Anthropic reaches valuation of $965bn, beating OpenAI to become world’s most valuable AI firm
By Maksym Misichenko · The Guardian ·
By Maksym Misichenko · The Guardian ·
What AI agents think about this news
The consensus among the panelists is that Anthropic's $965bn post-money valuation is not justified by proven fundamentals, with concerns raised about regulatory friction, lack of revenue figures, and potential antitrust scrutiny.
Risk: The single biggest risk flagged is the 'valuation trap' where the inflated private price makes a successful IPO mathematically impossible, forcing a permanent state of dilution-heavy private funding.
Opportunity: The single biggest opportunity flagged is the potential acquisition of Anthropic by Microsoft or Google for its safety IP and regulatory access, despite the high valuation.
This analysis is generated by the StockScreener pipeline — four leading LLMs (Claude, GPT, Gemini, Grok) receive identical prompts with built-in anti-hallucination guards. Read methodology →
Anthropic, the AI firm behind the Claude chatbot, announced on Thursday it had raised $65bn in funding to value the company at $965bn post-money. The move makes Anthropic the world’s most valuable AI startup, eclipsing its competitor OpenAI.

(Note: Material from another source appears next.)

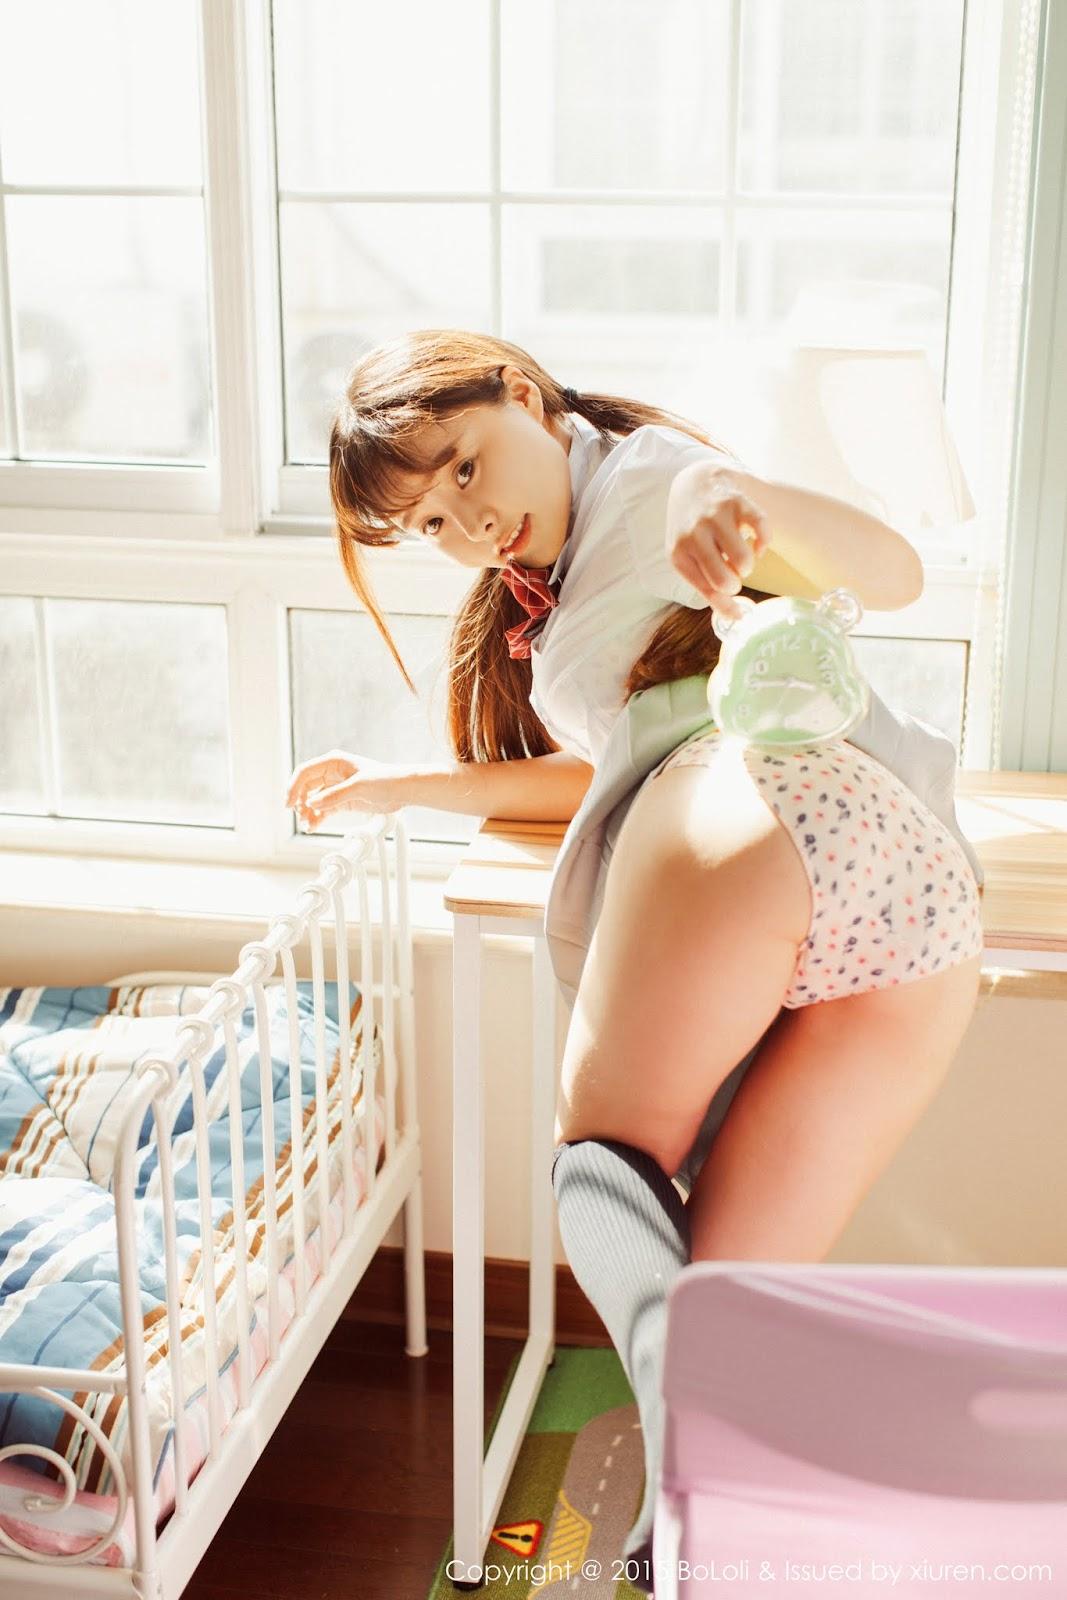 0012 - BOLOLI VOL.11 Seven Baby
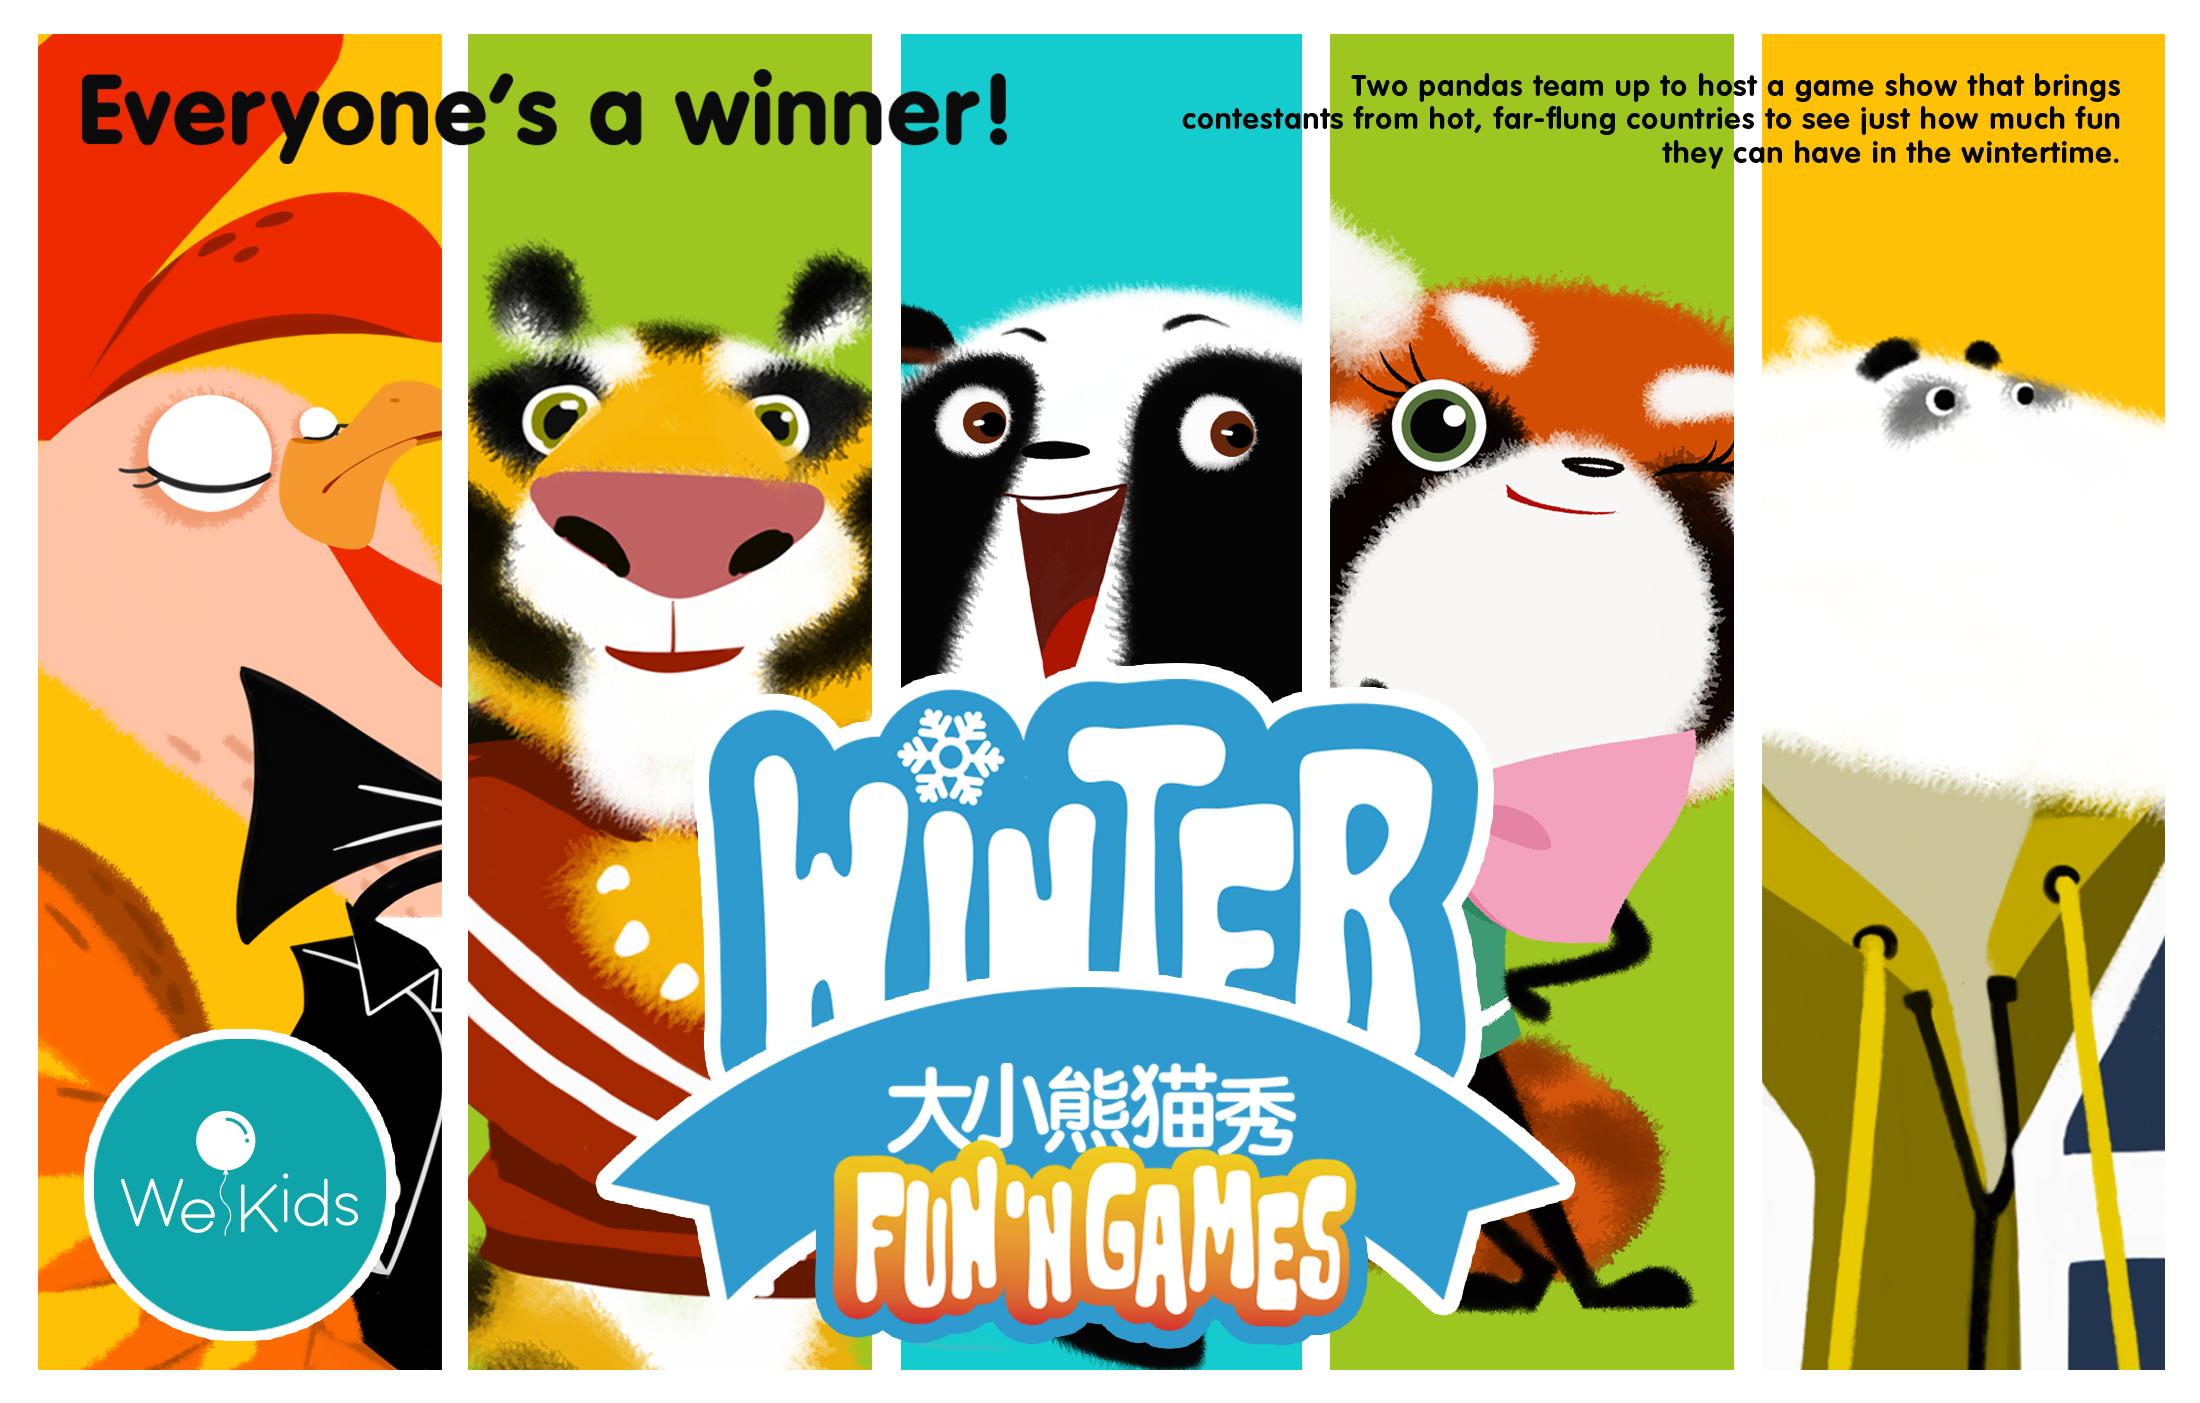 「大小熊猫秀」:万童原创儿童动画系列项目亮相戛纳MIP国际电视节

The deal marks an exceedingly successful period of growth for Anthropic, which was once considered to be a smaller player in the global AI arms race. The widespread adoption of its products by large enterprise businesses, especially following its release of powerful coding assistants late last year, has turned it into a dominant player in the industry.

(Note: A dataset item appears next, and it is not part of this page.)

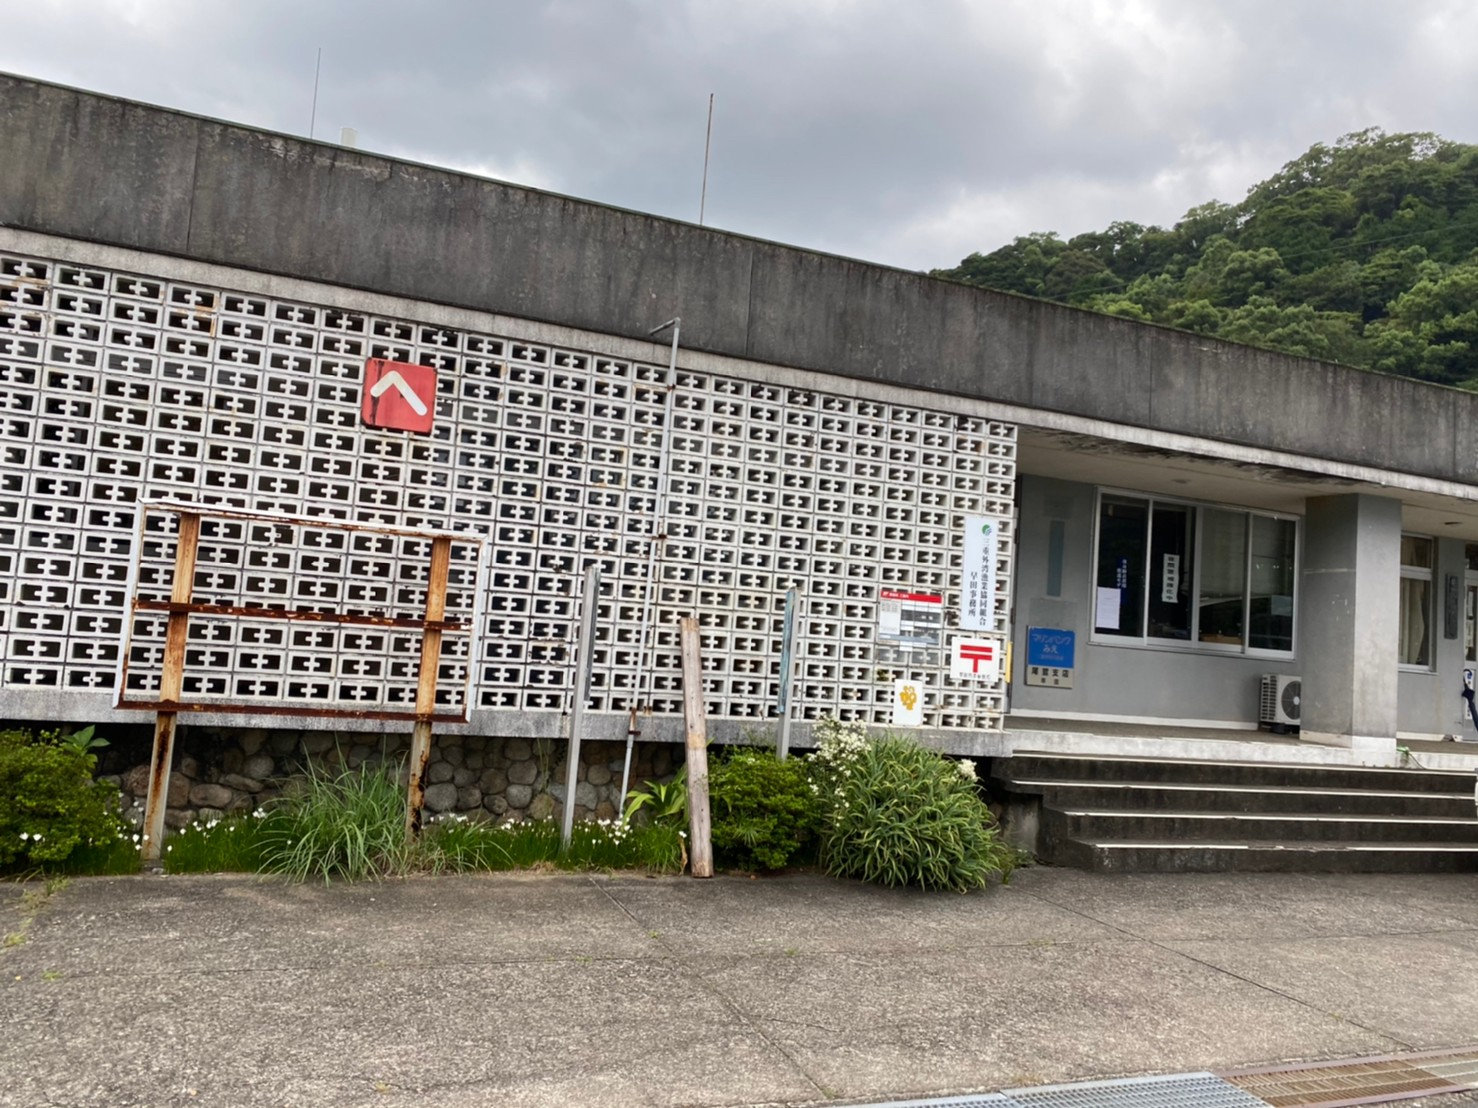 【三重県尾鷲市】『早田漁港』の海釣りガイド(釣れる魚・駐車場・トイレ)
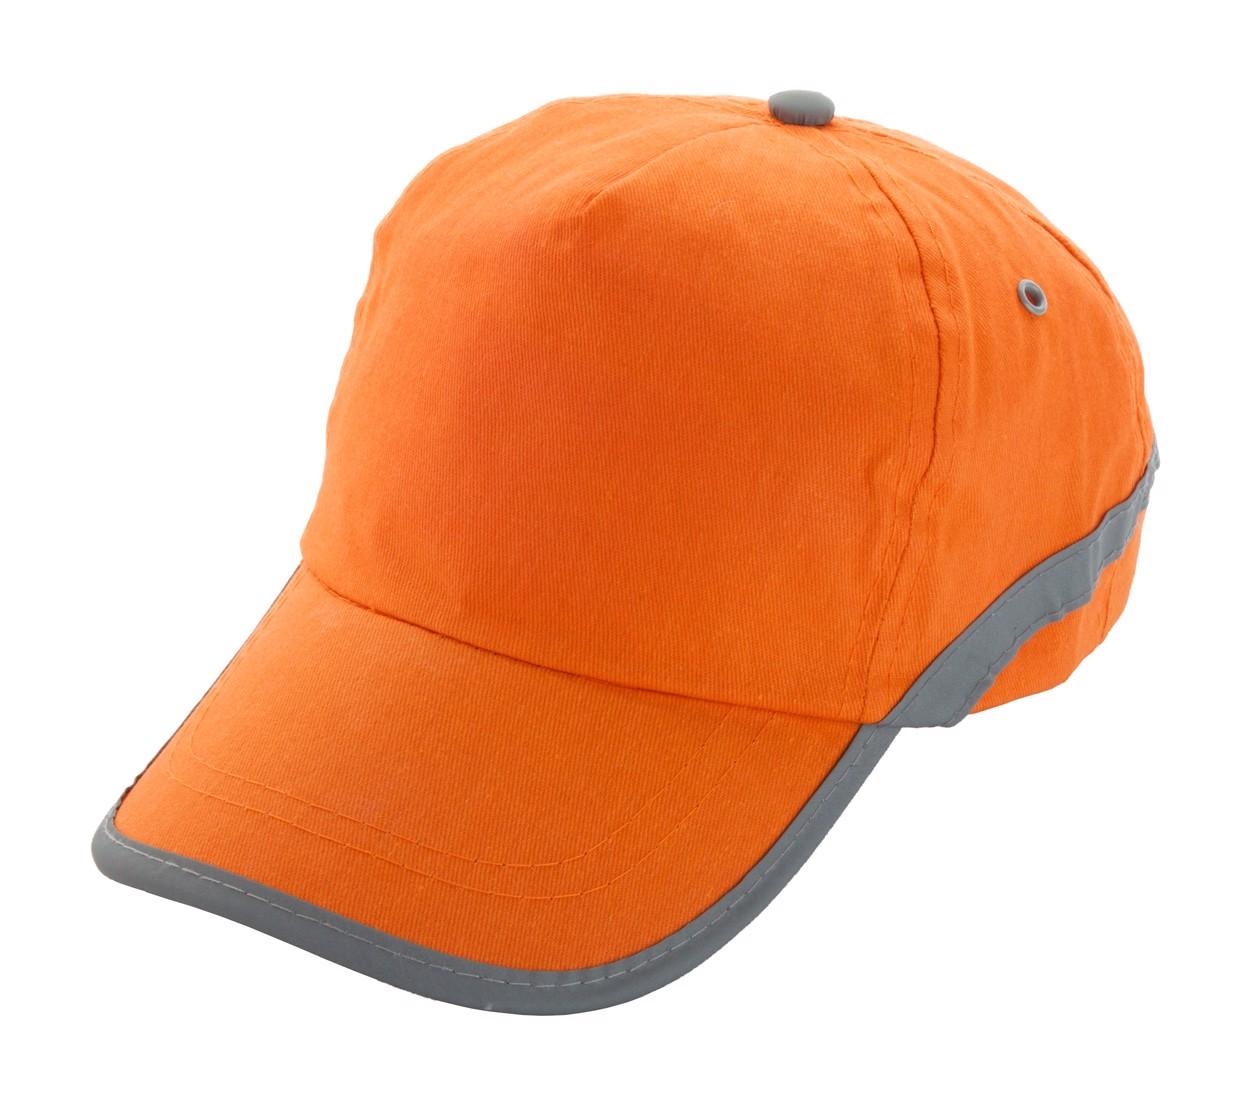 Baseballová Čepice Tarea - Oranžová

Anthropic’s new valuation cements a reshuffling of the AI industry’s power dynamics, putting a dollar figure on Claude’s increased cultural and commercial prominence. The deal is also likely to have implications for this year’s blockbuster slate of initial public offerings, which includes rivals OpenAI and SpaceX.
The company touted the new funding round, which was led by Altimeter Capital, Dragoneer, Greenoaks, and Sequoia Capital, as proof that its AI models and vision for the future of the technology are winning out.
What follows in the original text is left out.